Describes how to split long input text for increased performance.

On a filter profile basis, Philter can split input text to process each split individually. This generally improves performance and allows for handling long input text. Splitting is disabled by default.

An example split configuration in a filter profile is shown below

{
"name": "default",
"crypto": null,
"identifiers": {},
"config": {
"splitting": {
"enabled": true,
"threshold": 10000,
"method": "newline"
}
}
}

In this example filter profile, splitting is enabled for inputs greater than equal to 10,000 characters in length.

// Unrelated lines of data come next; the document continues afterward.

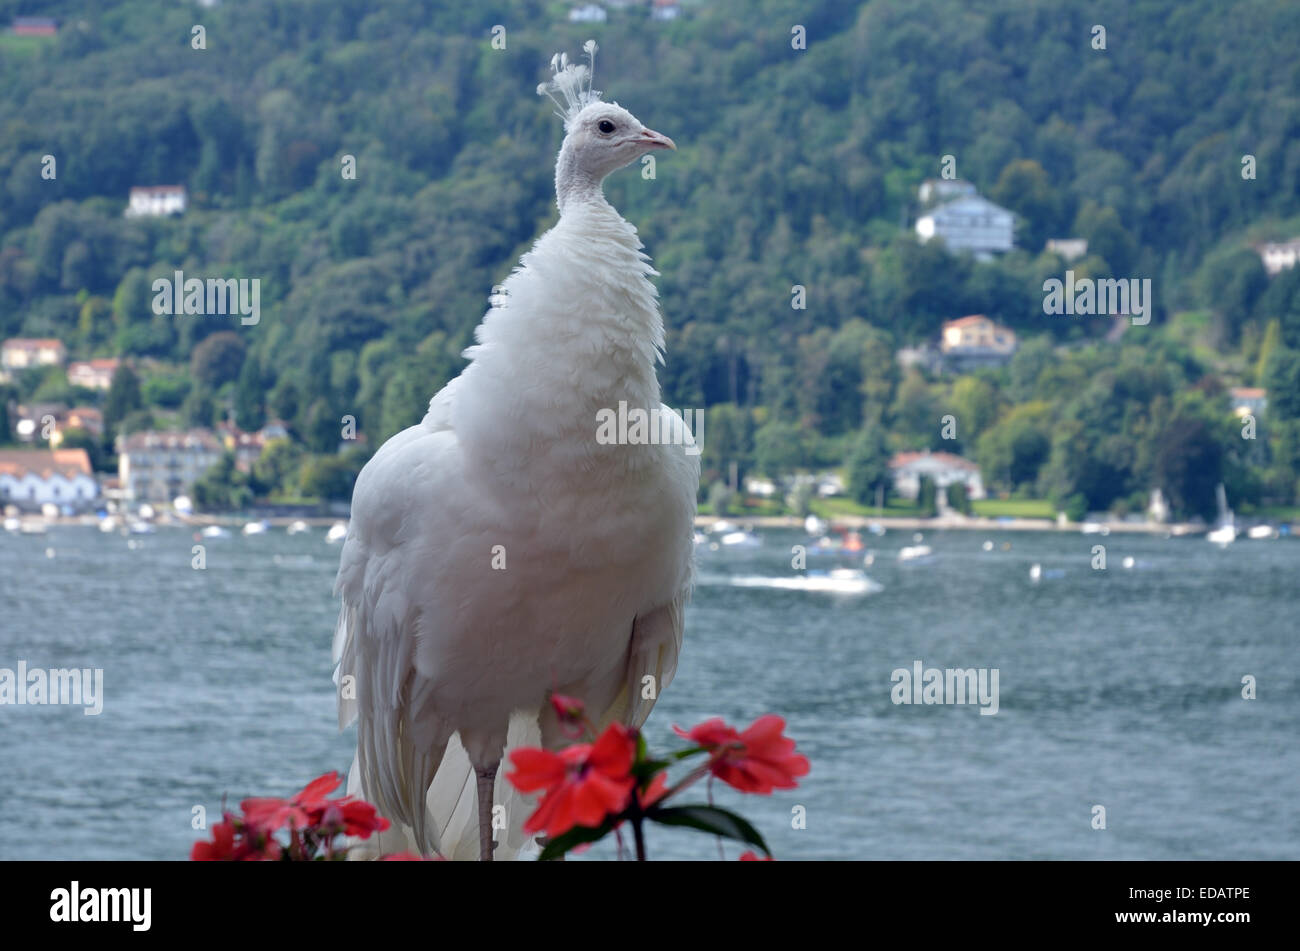 White Peafowl, Garden, Palazzo Borromeo, Lake Maggiore, Lombardi, Italy, Europe Stock Photo
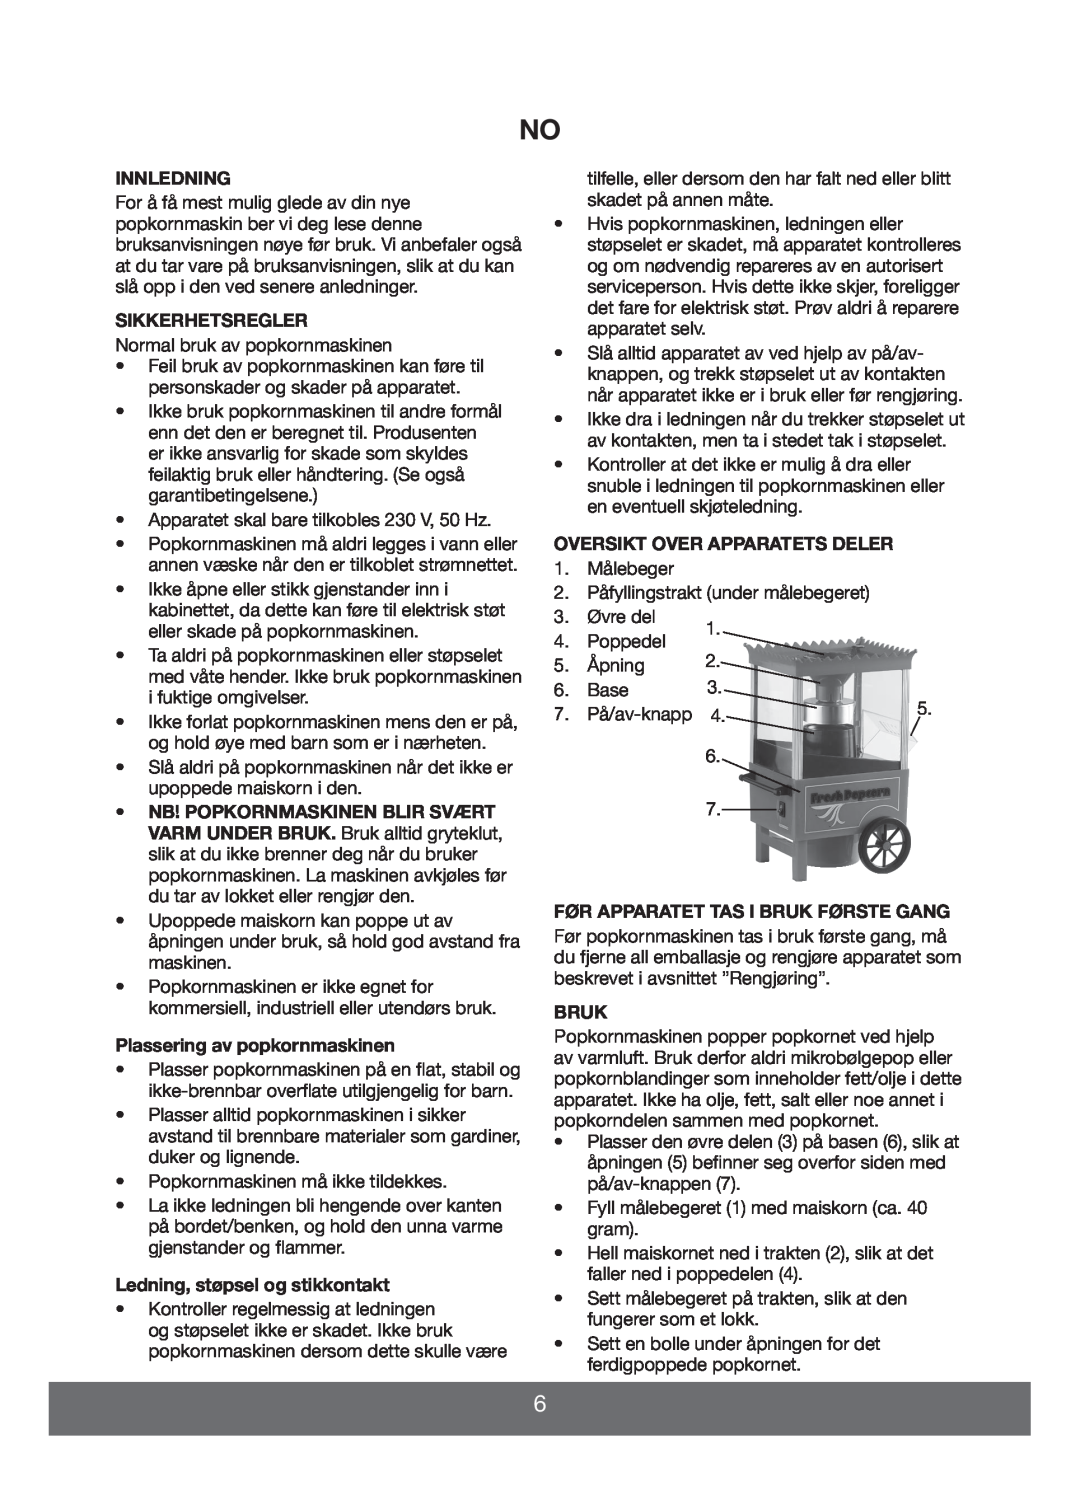 Melissa 643068 manual Innledning, Sikkerhetsregler, Plassering av popkornmaskinen, Ledning, støpsel og stikkontakt, Bruk 
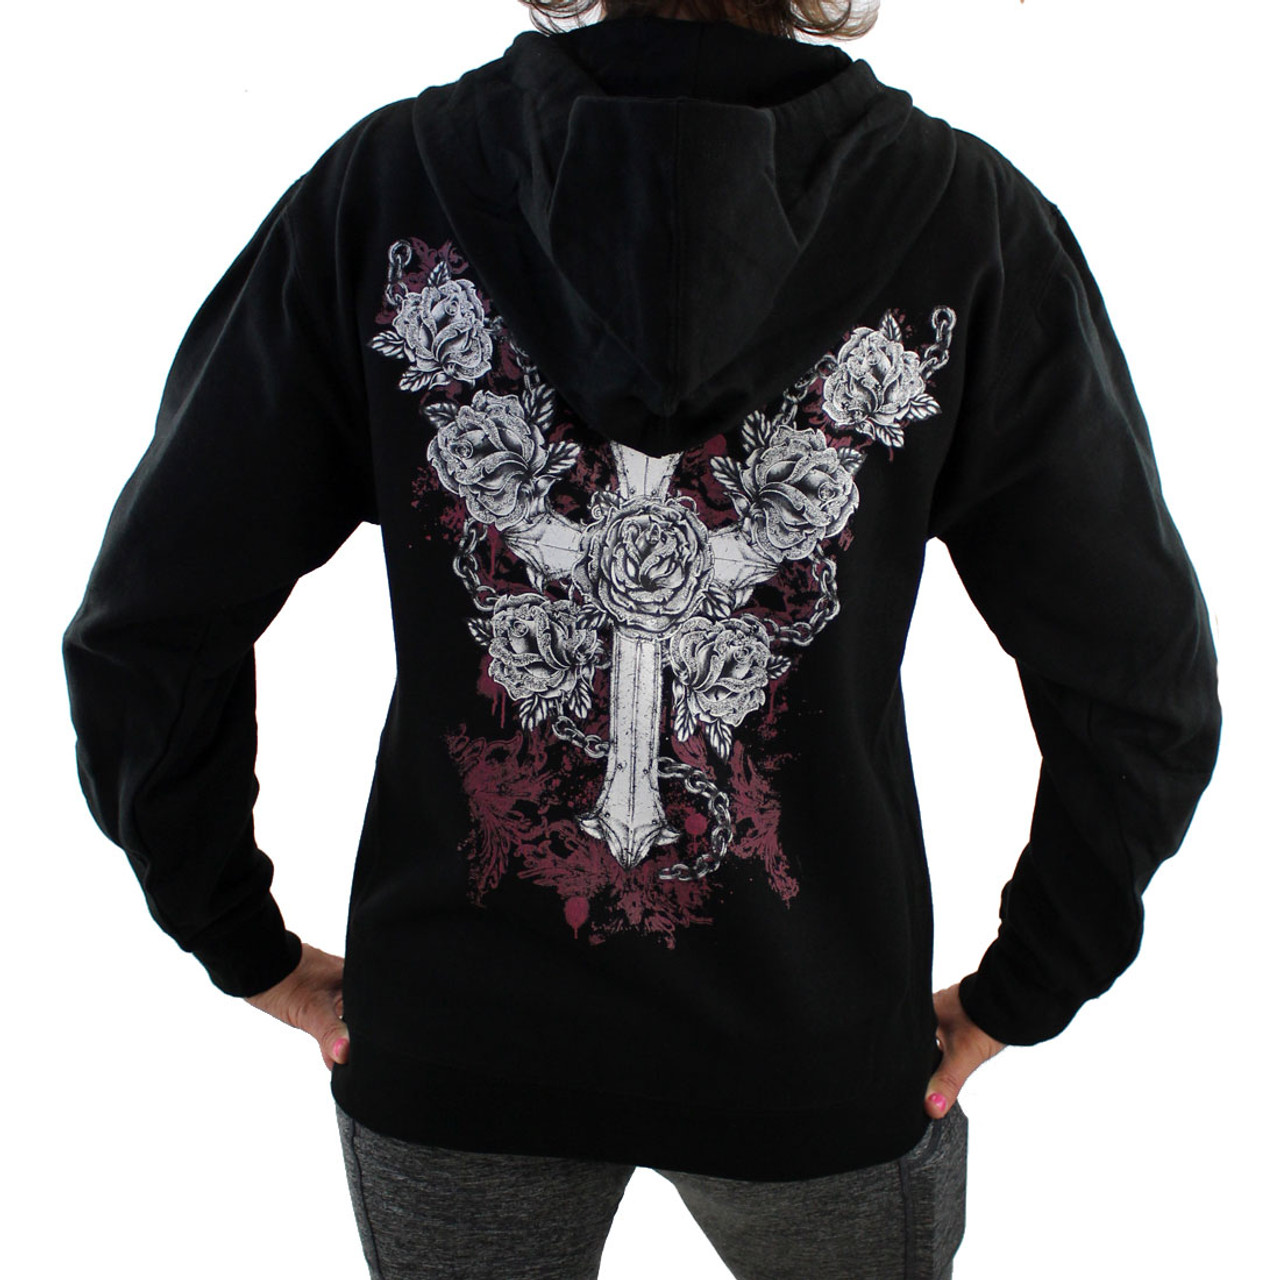 Black Fleece Zipper Hoodie Sweatshirt Cross and Roses

The method of splitting the text will be the newline method. This method will cause Philter to split the text based on the locations of new line characters in the input text. Additional methods of text splitting may be added in future versions.

Because the newline method splits text based on the locations of new line characters in the text, the text contained in the reassembled filter responses may not be an exact match of the input text. This is due to white space and other characters that may reside near the new line characters that get omitted during processing.

Text Splitting Filter Profile Properties

Property

Description

Allowed Values

Default Value

enabled

Whether or not input texts are split.

true or false

false

threshold

When to split the input text.

Any integer value.

10000

method

How to split the text.

newline

newline

Alternative to Philter Splitting Text

In some cases it may be best to split your input text client side prior to sending the text to Philter. This gives you full control over how the text will be split and provides more predictable responses from Philter because you know how the text is split.

An example of splitting text into chunks prior to sending the text to Philter is given in the commands below:

# Given a large file called largefile.txt, split it into 10k pieces.
$ split -b 10k largefile.txt segment
# Now process the pieces.
$ curl -s -X POST -k "https://philter:8080/api/filter?d=document1" --data "@/tmp/segmentaa" -H "Content-type: text/plain" > out1
$ curl -s -X POST -k "https://philter:8080/api/filter?d=document1" --data "@/tmp/segmentab" -H "Content-type: text/plain" > out2
# Now recombine the outputs into a single file.
$ cat out1 out2 > filtered.txt